In general, state of the art revision of the scientific ms requires discussion of the critical points raised by the reviewers. To do so only in the rebuttal letter may not be sufficient. Thus, in my opinion the ms still needs major textual revision.
Author Response
In their rebuttal letter the authors replied to the critical comments I made during the first round of evaluations of this ms. Their argumentation is straight forward and although I do not agree with all what the authors saying I accept most of their arguments. Unfortunately, hardly any of these arguments have been considered for preparation of the revised version of the ms. In fact, accept of minor changes the ms was hardly modified. For me, this may not be acceptable. In their rebuttal letter the authors stated that my criticisms gave them the opportunity to explain the aim of their studies in more detail. Why was this paragraph not included into the ms. When I read the original version of the ms I did not really understand why the authors did not carry out the experiments with purified compounds instead of the natural extracts. The revised ms does not really refer to this question. Since other readers may also have this question, the authors should explain in the ms why they used this experimental approach and not an alternative strategy which others including myself may have preferred.

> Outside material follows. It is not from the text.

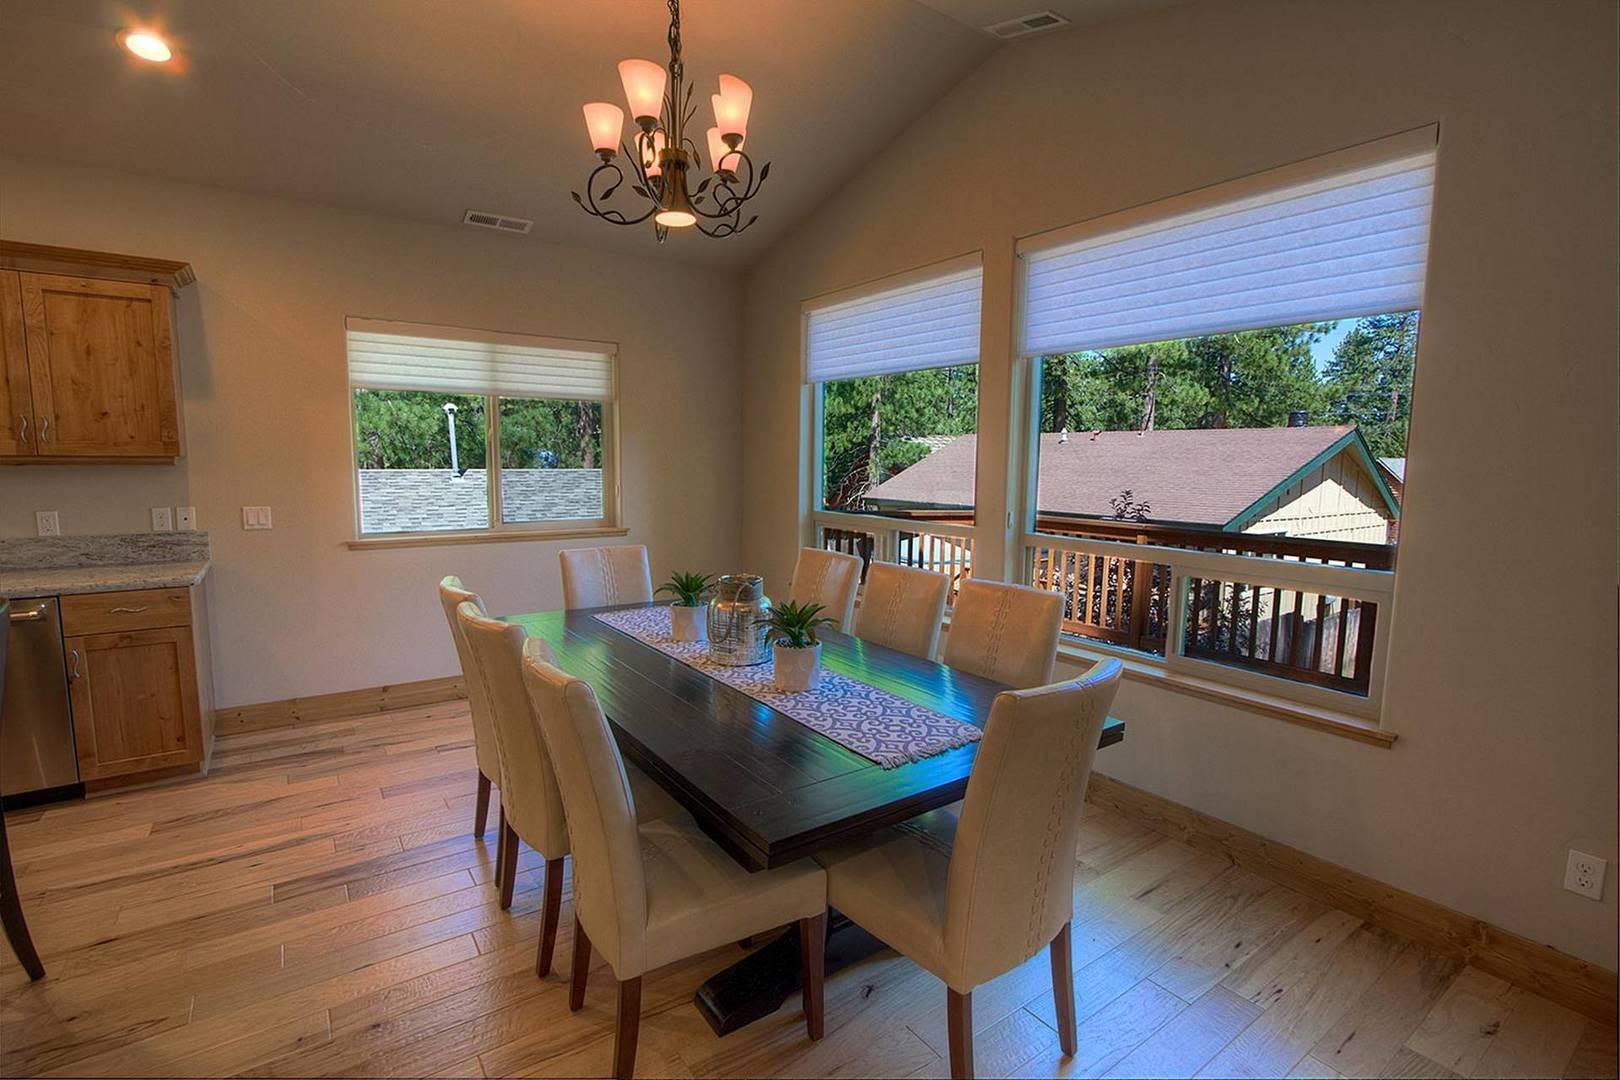 cyh1065 dining room

In general, state of the art revision of the scientific ms requires discussion of the critical points raised by the reviewers. To do so only in the rebuttal letter may not be sufficient. Thus, in my opinion the ms still needs major textual revision.
Authors: Following the suggestions of reviewer we have modified the revised version of our manuscript in Sections 2.1, 2.2, 2.3, 3.2 and in the Conclusion section, including the arguments in response to all reviewers’ critical comments contained in the rebuttal letters. We hope this helps readers better understand our work. All changes have been tracked.
Round 3
Reviewer 2 Report
The authors modified the text according to my suggestions and now the ms can be published as it is.